Correlation of Serum Interleukin-6, TNF-α, Procalcitonin and Leukocyte Count in Patients with Suspected Sepsis

Erfina Lim, Jusak Nugraha


Sepsis is a cause of non-cardiac death in the hospital. Early and rapid diagnosis of septic patients is a challenge to
increase the expectancy of life. IL-6 and TNF-α are groups of pro inflammatory cytokines that initiate an initial inflammatory
response. Procalcitonin is a specific marker of bacterial infection. This study aimed to analyze the correlation of serum
cytokine IL-6, TNF-α, procalcitonin and leukocyte count in suspected sepsis patients. This was a cross-sectional
observational study consisting of 45 patients with suspected sepsis with procalcitonin level > 0.5 ng/mL. Procalcitonin level
was measured with Enzyme-Linked Fluorescent Assay (ELFA) (VIDAS), IL-6 and TNF-α levels were measured with the
U-CyTech Human Elisa kit (Bioscience, INC) and leukocyte counts were measured with SYSMEX-XN 1000. It was found in this
study that IL-6 levels ranged in 0 pg/mL – 73.29 ng/mL (mean 29.43 ng/mL), TNF-α levels were 0 pg/mL – 390.5 pg/mL (mean
27.62 pg/mL), and the mean value of leukocytes was 20,139/μL. There was no correlation between leukocyte counts with IL-6
(p=0.798 and r=0.040), TNF-α (p=0.304 and r = -0.160), and procalcitonin (p=0.323 and r = 0.154).
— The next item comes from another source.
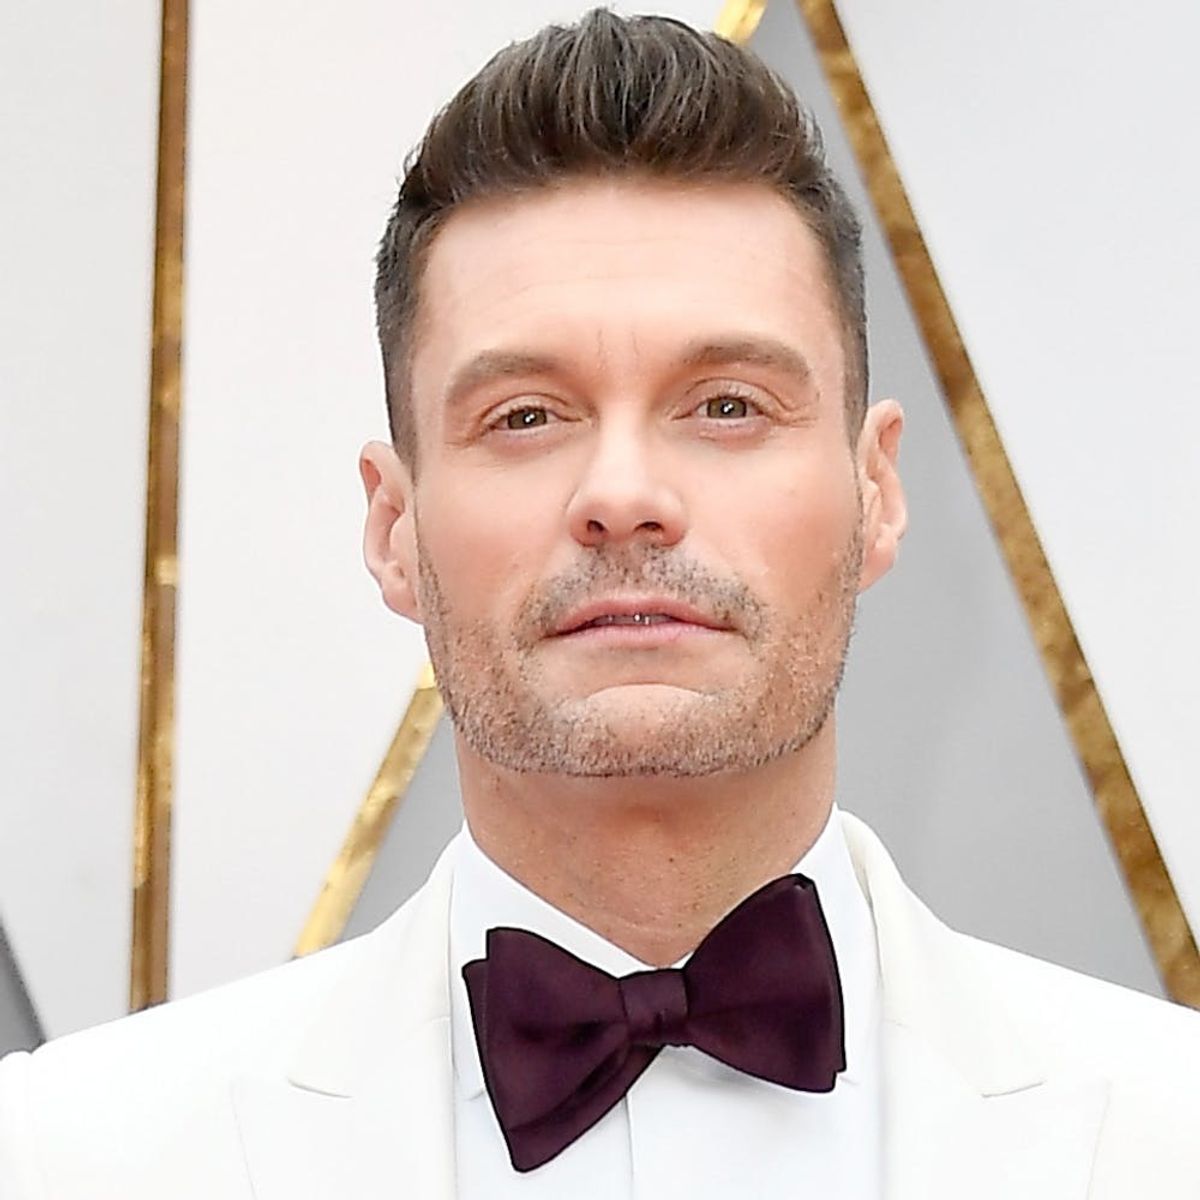 Ryan Seacrest Is Denying Allegations of Misconduct from a Former Stylist

There was no correlation
between IL-6 levels with TNF-α levels (p=0.871 and r = -0.025), and procalcitonin levels (p = 0.466 and r = 0.112). There was
a weak negative correlation between TNF-α level and procalcitonin levels (p=0.006 and r = -0.403) and there was a weak
negative correlation between procalcitonin and TNF-α levels in suspected sepsis patients.